» **GIVEN DATA**
■ ■ ■ ■ ■

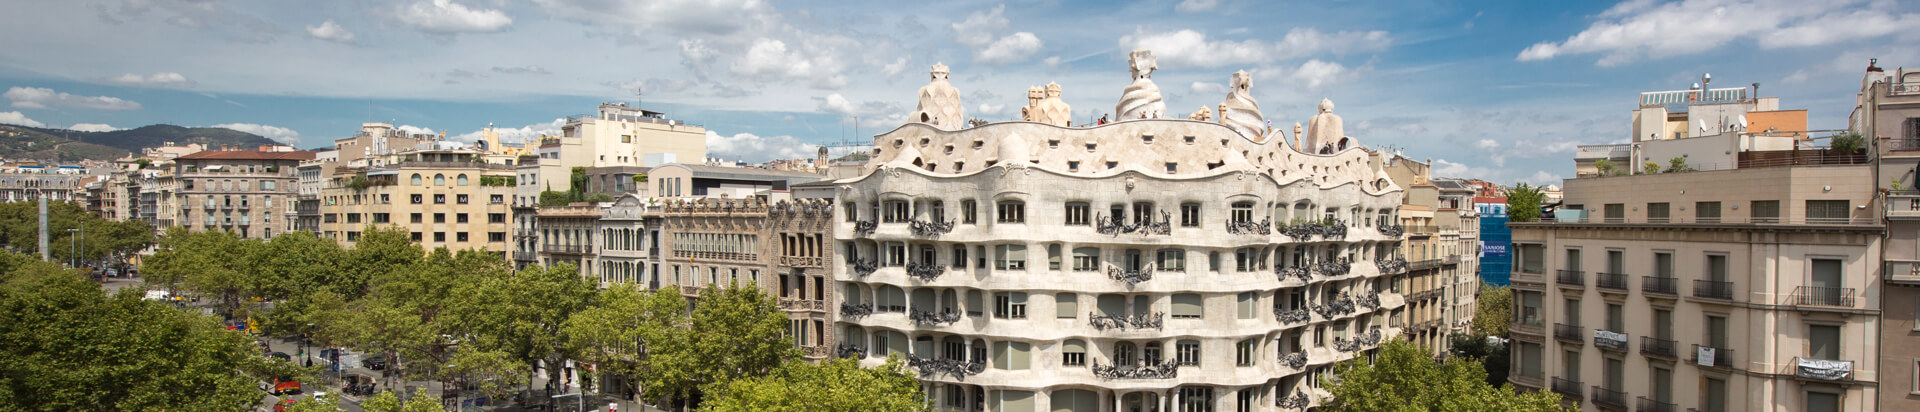 casa mila gaudi modernismo barcelona
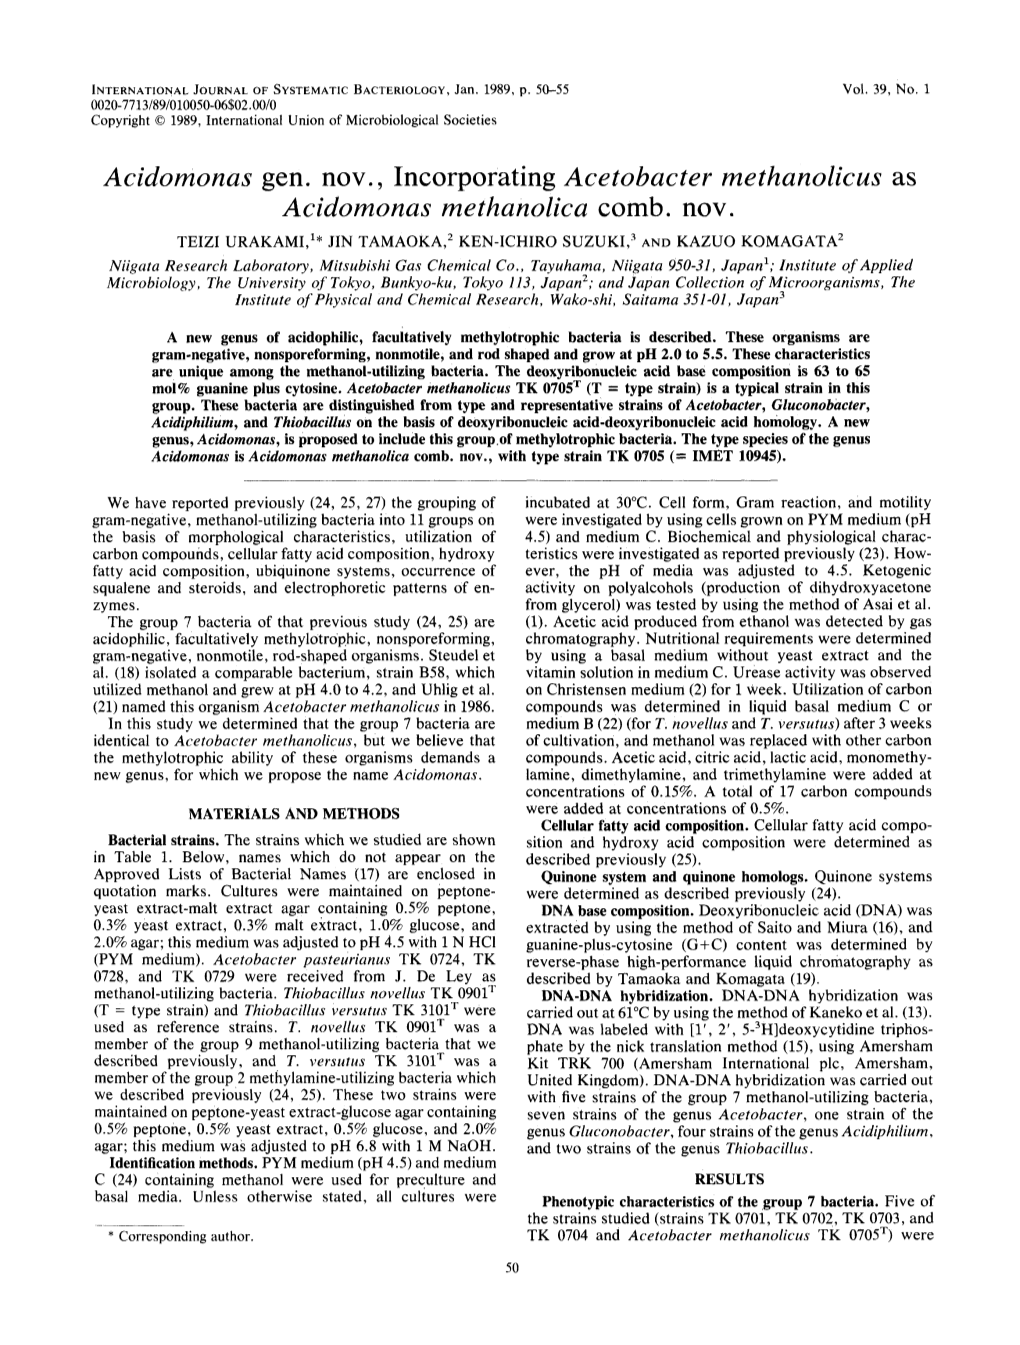 Acidomonas Gen. Nov. Incorporating Acetobacter Methanolicus As Acidomonas Methanolica Comb
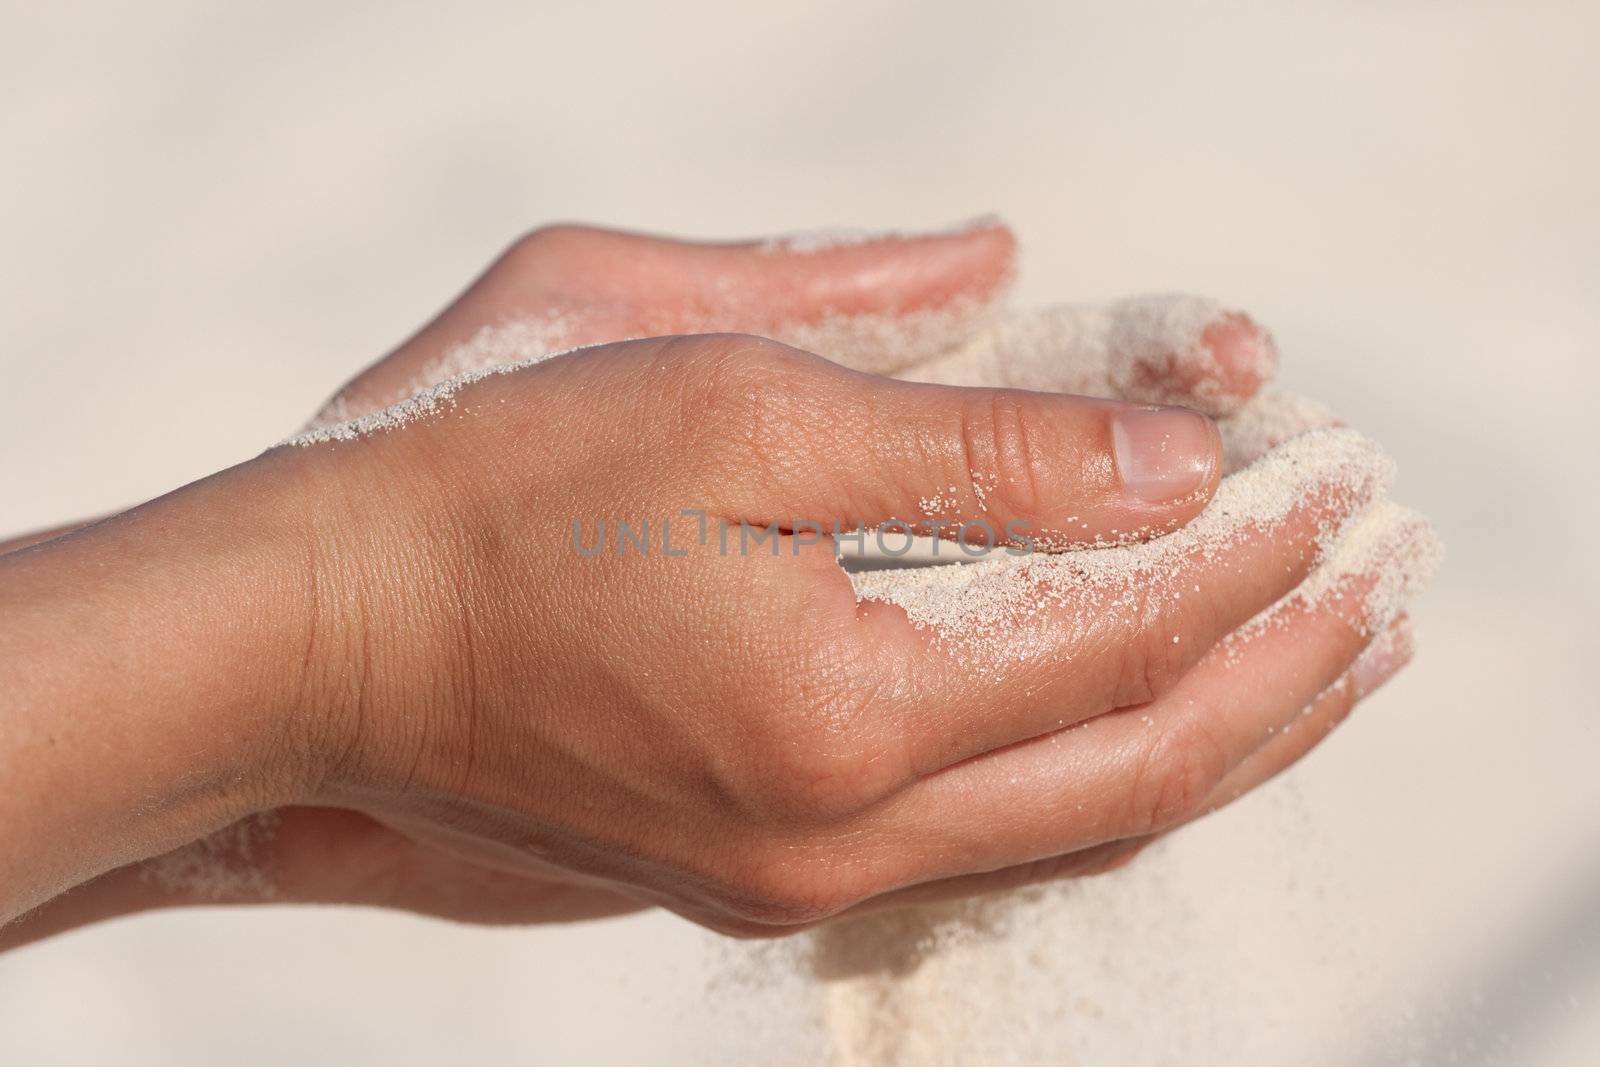 Sand running through hands by dimol
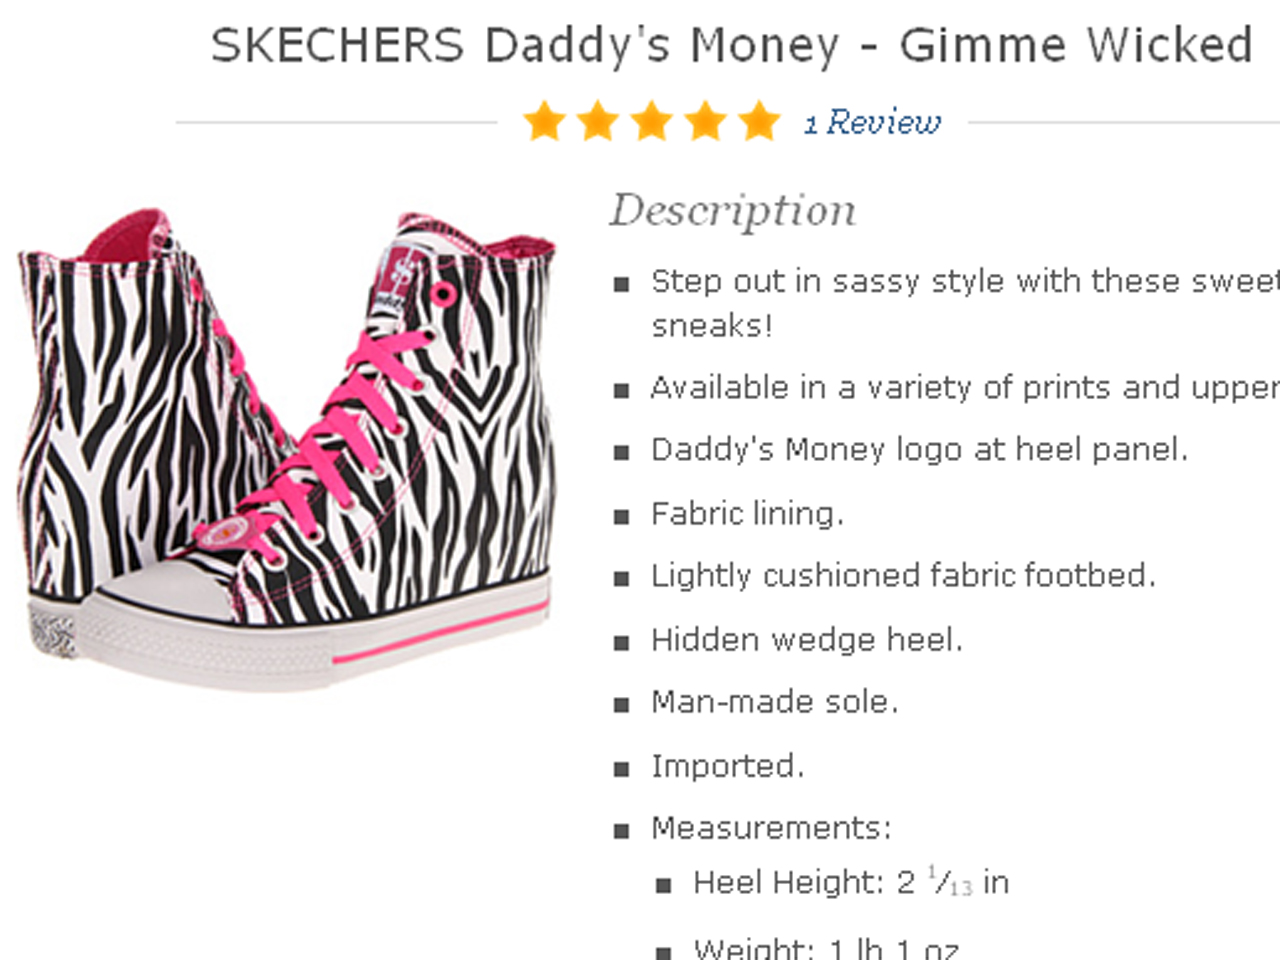 Moms angry over Skechers' 'Daddy's Money' for tweens

■ ■ ■ ■ ■

» **AIM OF THE TASK**
Give the listing again word for word. Skip any pictures.

» **SOLUTION TO THIS EXERCISE**
 casa mila gaudi modernismo barcelona
 Acidomonas Gen. Nov. Incorporating Acetobacter Methanolicus As Acidomonas Methanolica Comb
 Sand running through hands by dimol
 Moms angry over Skechers' 'Daddy's Money' for tweens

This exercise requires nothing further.